CDB15:0001155 NRTN — RET

ABSTRACT: Glial cell line-derived neurotrophic factor (GDNF) and neurturin (NTN) comprise a family of TGF-beta-related neurotrophic factors (TRNs), which have trophic influences on a variety of neuronal populations. A receptor complex comprised of TrnR1 (GDNFR alpha) and Ret was recently identified and found to be capable of mediating both GDNF and NTN signaling. We have identified a novel receptor based on homology to TrnR1, called TrnR2, that is 48% identical to TrnR1, and is located on the short arm of chromosome 8. TrnR2 is attached to the cell surface via a GPI-linkage, and can mediate both NTN and GDNF signaling through Ret in vitro.

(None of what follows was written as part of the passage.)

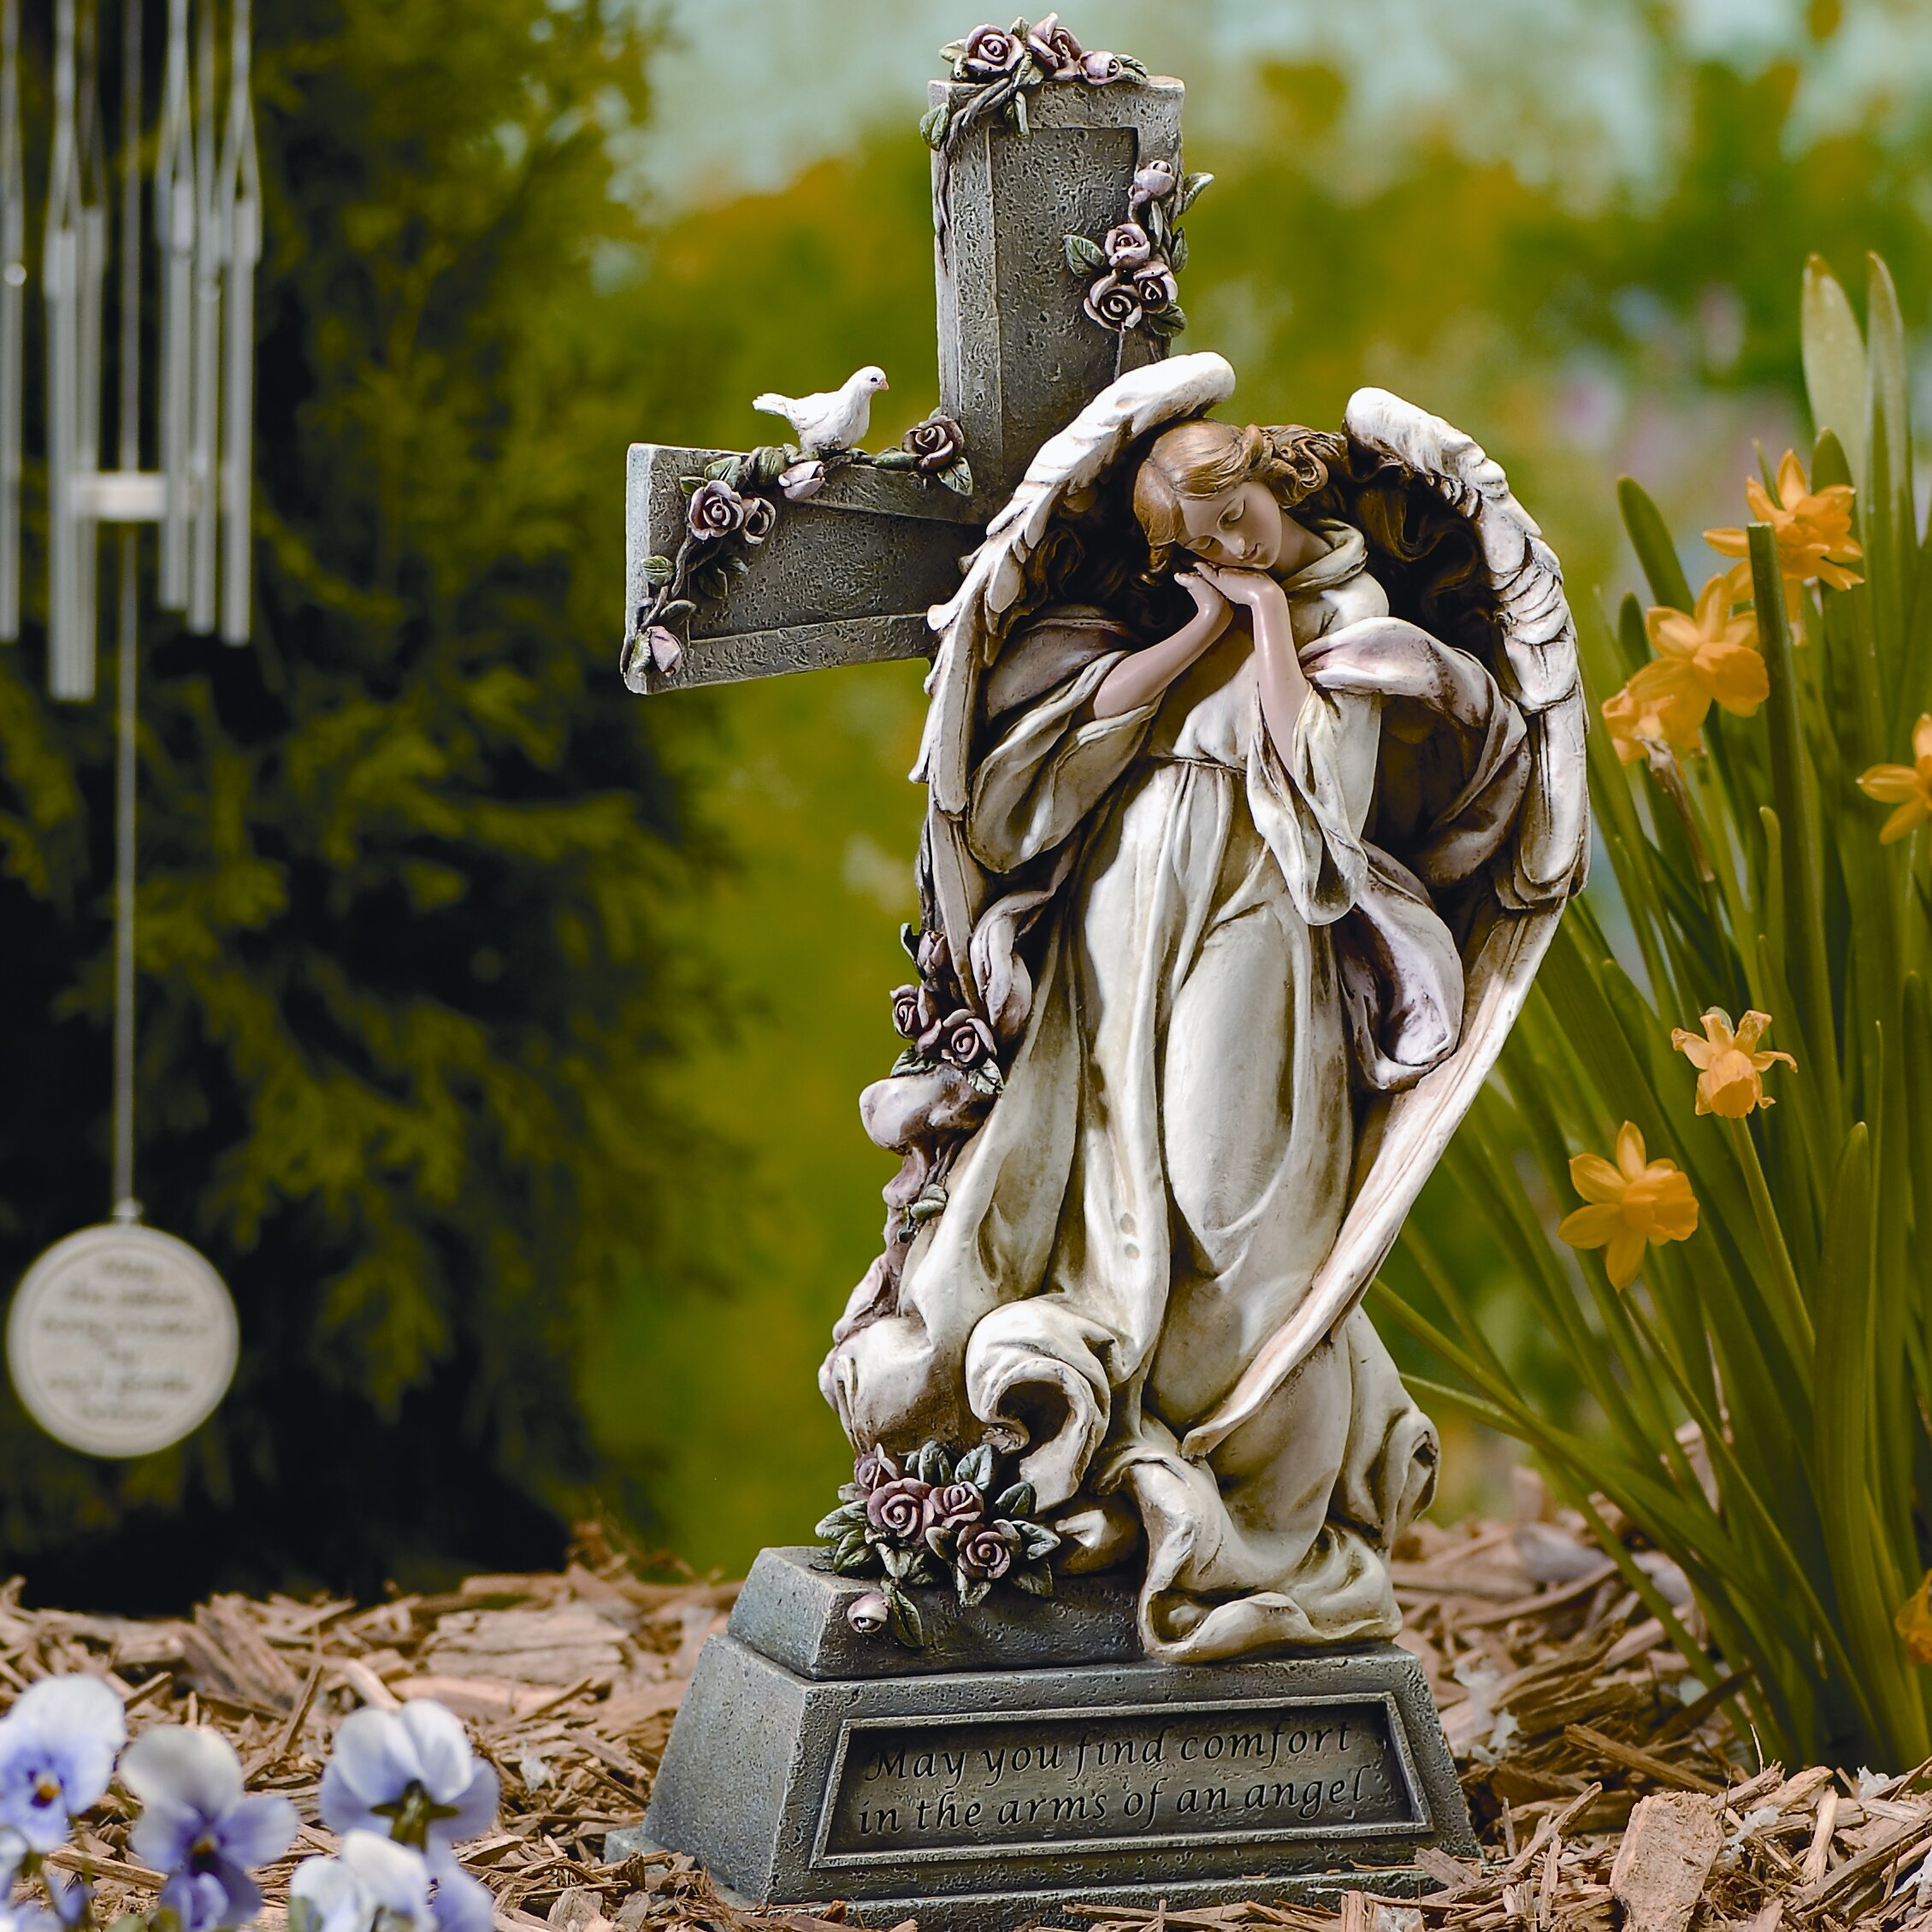 Roman Inc Garden Angel With Cross Statue Amp Reviews Wayfair

Fibroblasts expressing TrnR2 and Ret are approximately 30-fold more sensitive to NTN than to GDNF treatment, whereas those expressing TrnR1 and Ret respond equivalently to both factors, suggesting the TrnR2-Ret complex acts preferentially as a receptor for NTN. TrnR2 and Ret are expressed in neurons of the superior cervical and dorsal root ganglia, and in the adult brain. Comparative analysis of TrnR1, TrnR2, and Ret expression indicates that multiple receptor complexes, capable of mediating GDNF and NTN signaling, exist in vivo.

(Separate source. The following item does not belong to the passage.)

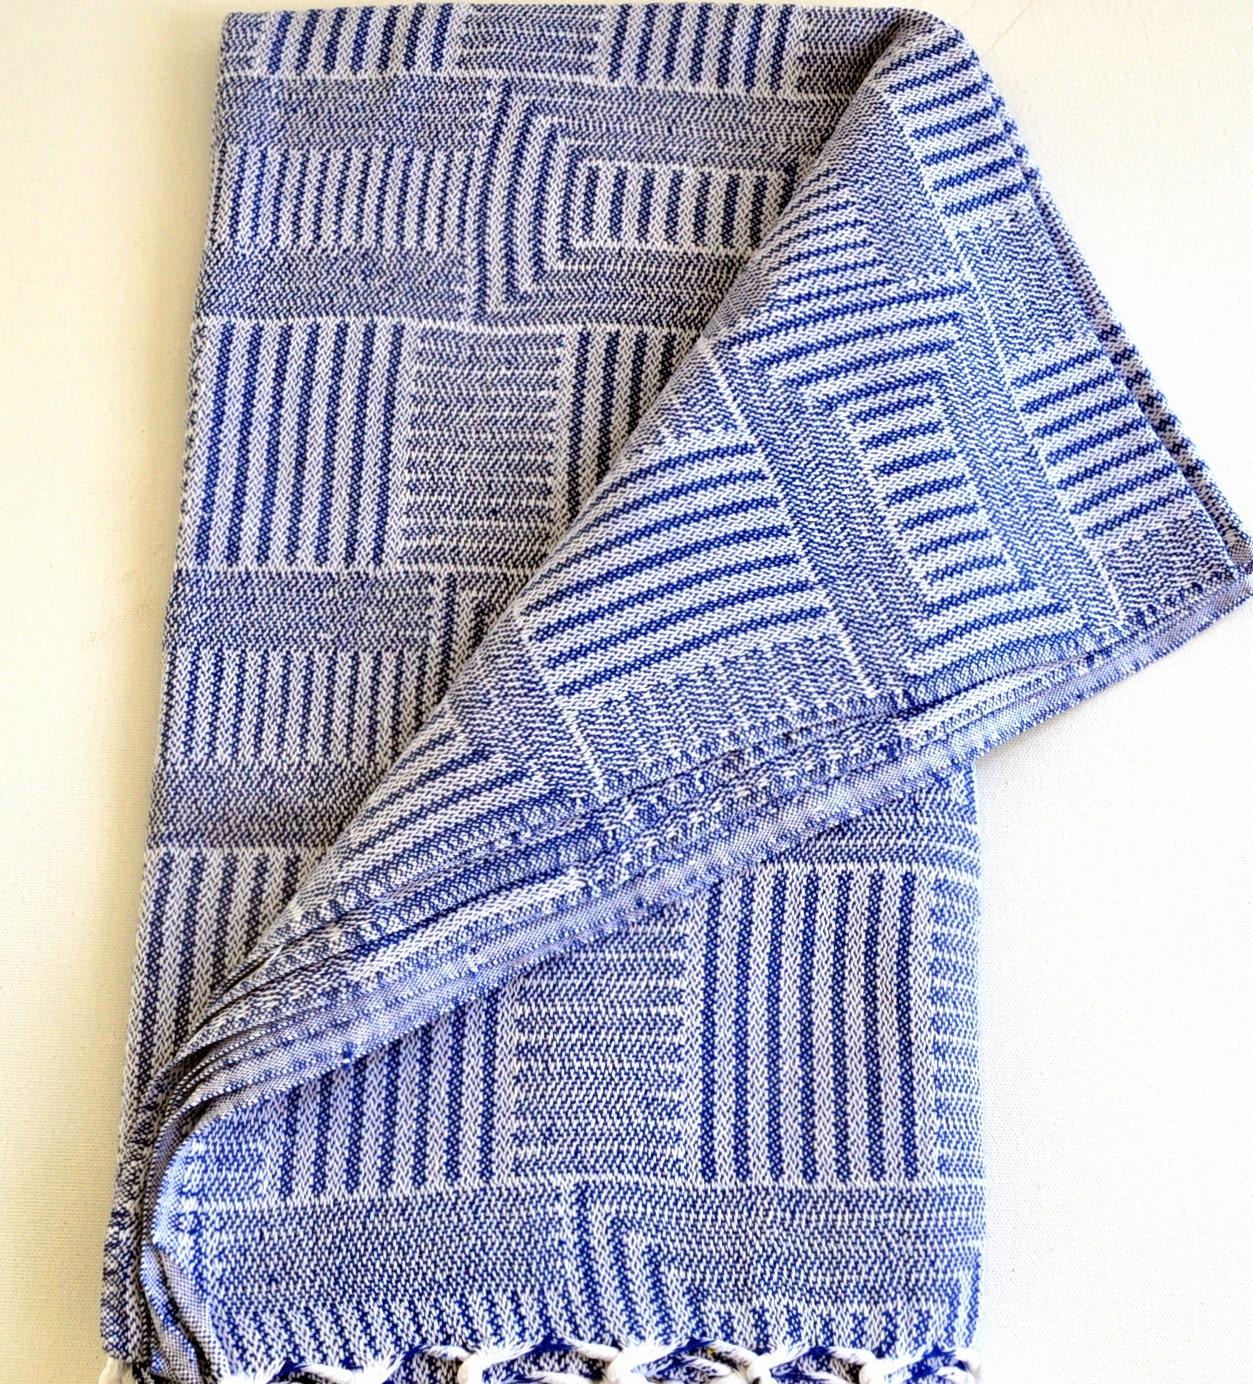 Turkish Towel Rug Pattern Peshtemal Towel Cotton Peshtemal In

ABSTRACT: Glial-cell-line-derived neurotrophic factor (GDNF) and neurturin (NTN) are two structurally related, potent survival factors for sympathetic, sensory and central nervous system neurons. GDNF mediates its actions through a multicomponent receptor system composed of a ligand-binding glycosyl-phosphatidylinositol (GPI)-linked protein (designated GDNFR-alpha) and the transmembrane protein tyrosine kinase Ret. In contrast, the mechanism by which the NTN signal is transmitted is not well understood. Here we describe the identification and tissue distribution of a GPI-linked protein (designated NTNR-alpha) that is structurally related to GDNFR-alpha. We further demonstrate that NTNR-alpha binds NTN (K[d] approximately 10 pM) but not GDNF with high affinity; that GDNFR-alpha binds to GDNF but not NTN with high affinity; and that cellular responses to NTN require the presence of NTNR-alpha. Finally, we show that NTN, in the presence of NTNR-alpha, induces tyrosine-phosphorylation of Ret, and that NTN, NTNR-alpha and Ret form a physical complex on the cell surface. These findings identify Ret and NTNR-alpha as signalling and ligand-binding components, respectively, of a receptor for NTN and define a novel family of receptors for neurotrophic and differentiation factors composed of a shared transmembrane protein tyrosine kinase and a ligand-specific GPI-linked protein.